A Brief Mention of the Parse Phase
Just a quick note on how expressions are pared within Alteryx. If you try some of these examples, you will find the expression is evaluated over and over. Alteryx runs a parse phase where it evaluates the expression. It checks syntax and makes sure all is well. If you have a custom function, you will be passed 0
or an empty string where you would get a data field. This allows Alteryx to check syntax and understand the structure of the expression. The code below shows the output of the following expression:
IIF(LOG([Alpha], "C:\Temp\Logic.log", "Condition") = "A", LOG(100, "C:\Temp\Logic.log", "True"), LOG(-100, "C:\Temp\Logic.log", "False") )
With an input of:
Alpha |
---|
A |
B |
When you work with the formula editor the expression is evaluated on first lost, then on every keypress so you end up with a log file full of entries. The sequence below shows what happens when the editor is first loaded:
True False Condition True False Condition Condition True
This same sequence happens on every keypress in the editor as it re-evaluates the expression.

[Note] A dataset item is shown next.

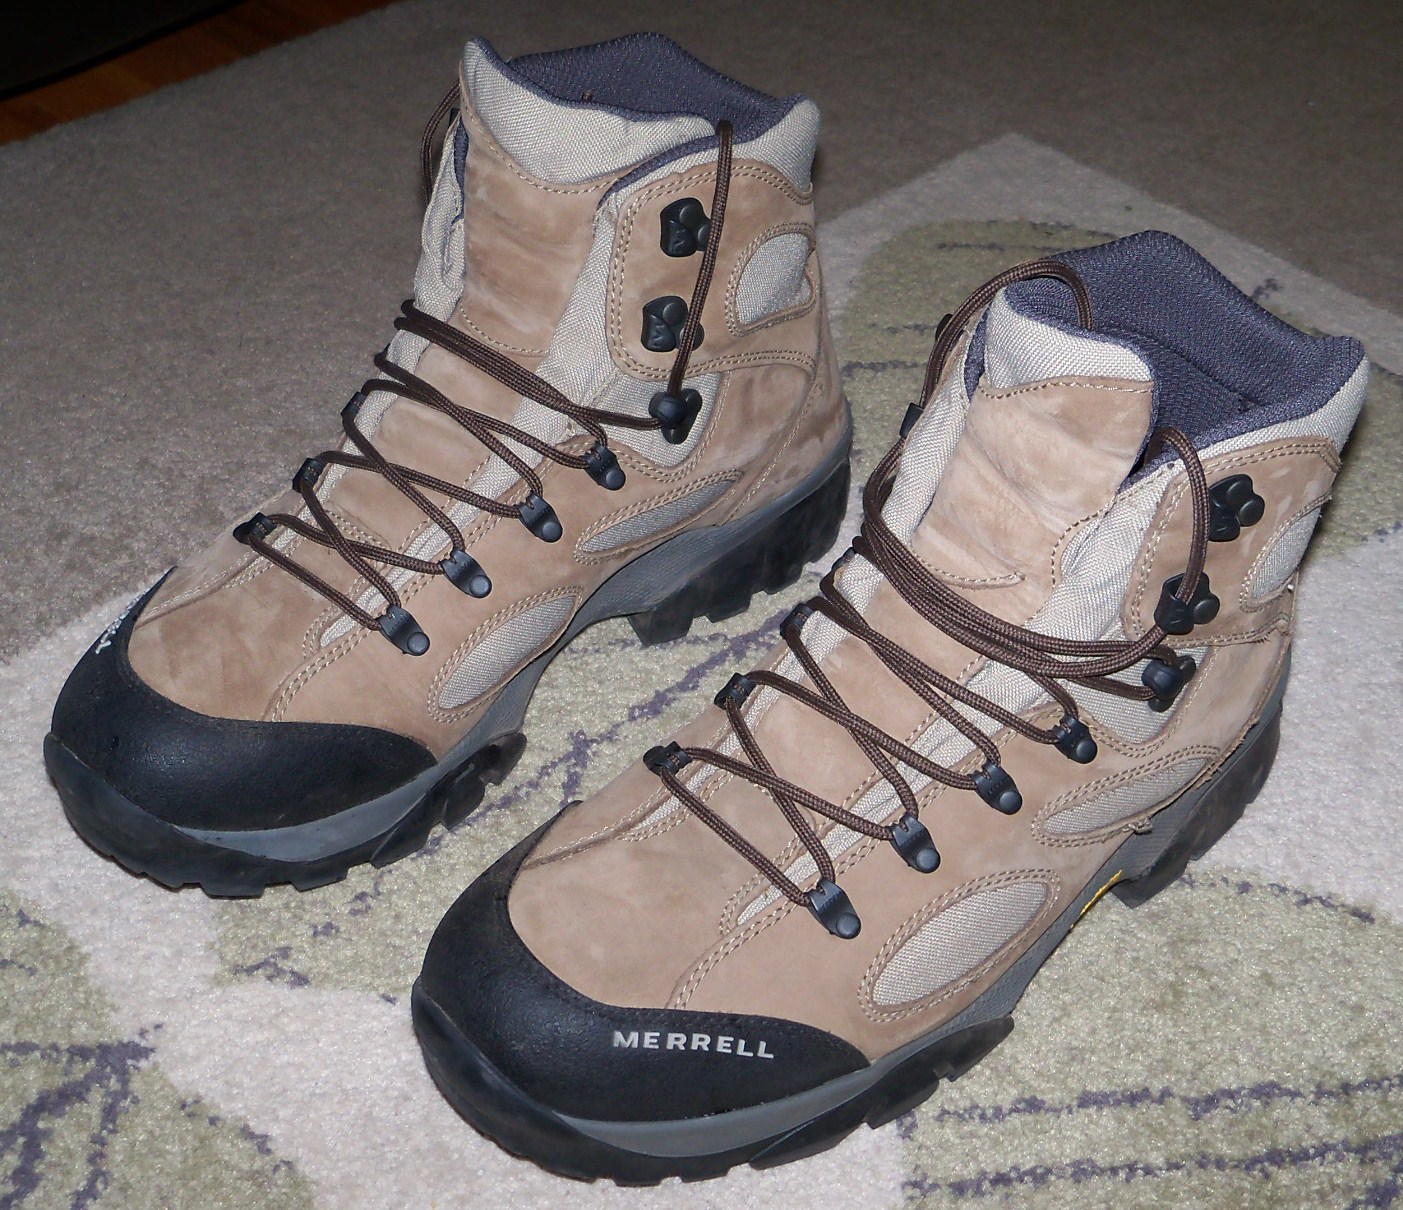 Survival of the Fittest: Merrell Sawtooth Mid Weight Hiking Boot Review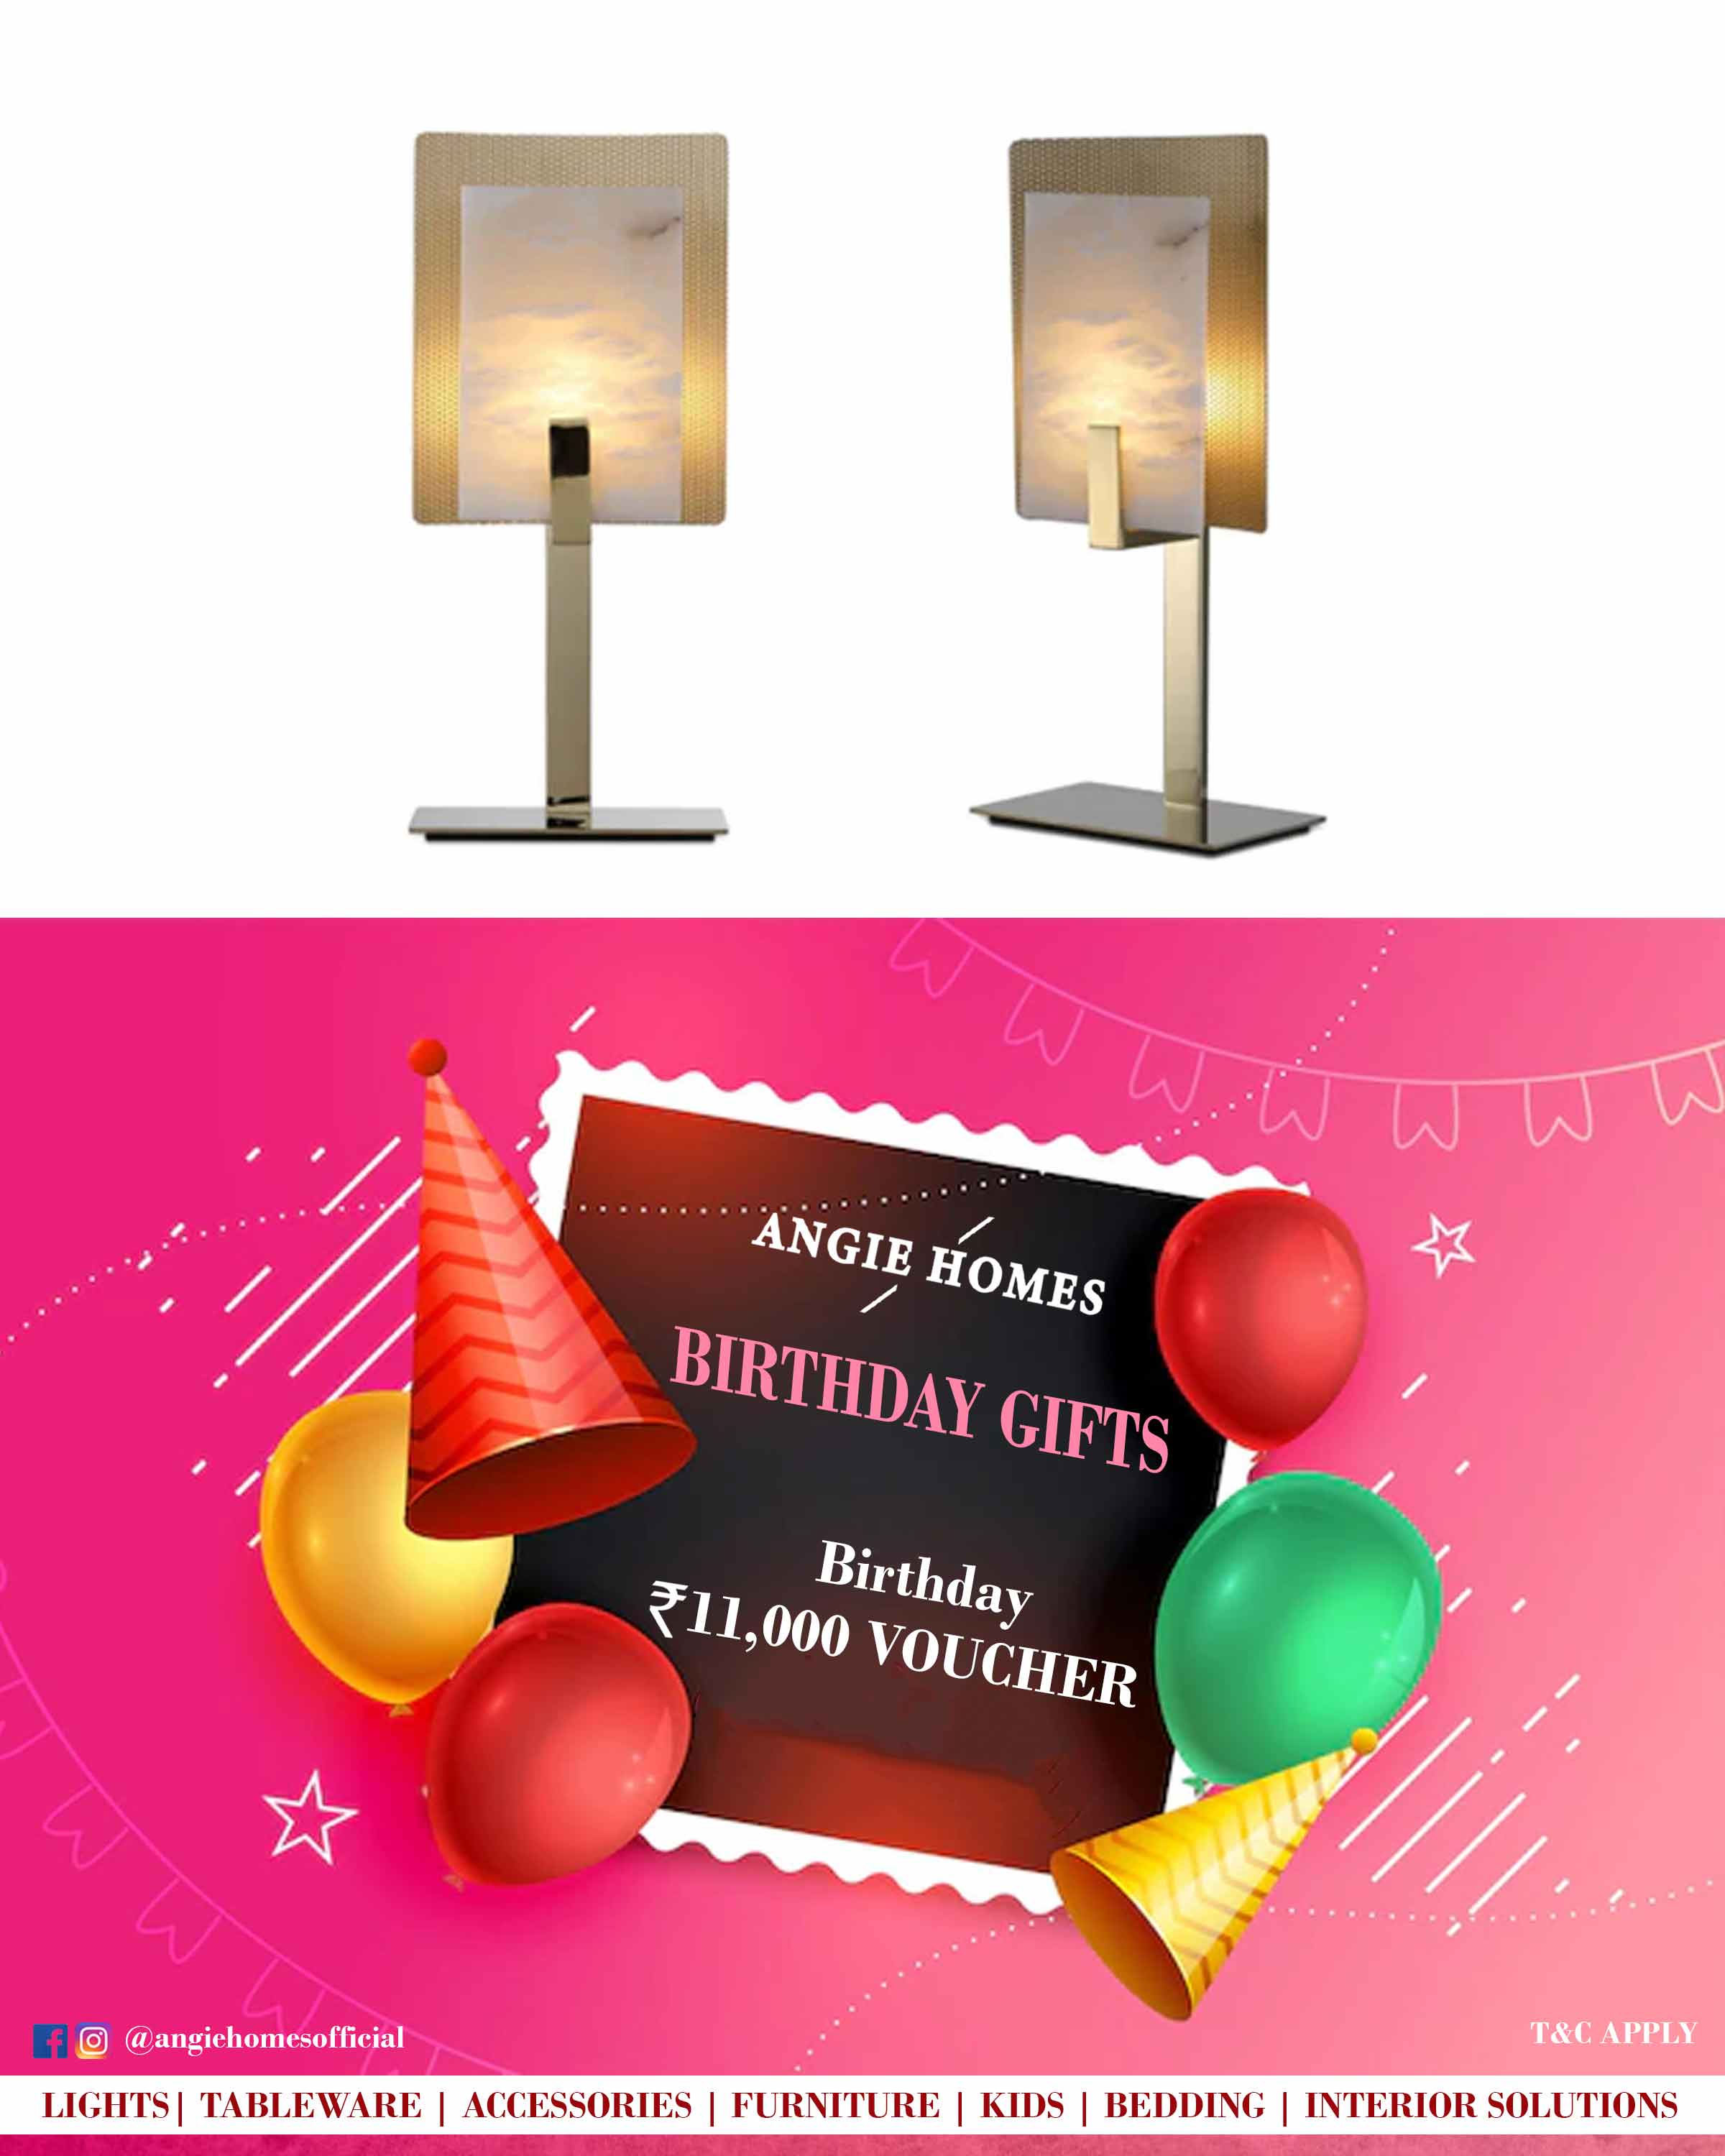 Happy Birthday Gift Voucher for Kids Table Lamp ANGIE HOMES

The first 6 lines are the parse phase being run twice (not sure why it runs it twice), followed by the last 2 evaluating a single test record. If we now run the workflow, we get the following logs:
True False Condition Condition True Condition False
In this case, you can see the parse is run (first three lines). Then each record is evaluated in turn (2 lines for each record). When I first tried the variable functions, the parse caused me a little issue as got an extra call I didn’t expect.
Summing Up
Hopefully, some of the odd and outputs from expressions might make some sense now. As functions get more complicated (and time to execute increases), thinking about how an expression is evaluated becomes more and more important.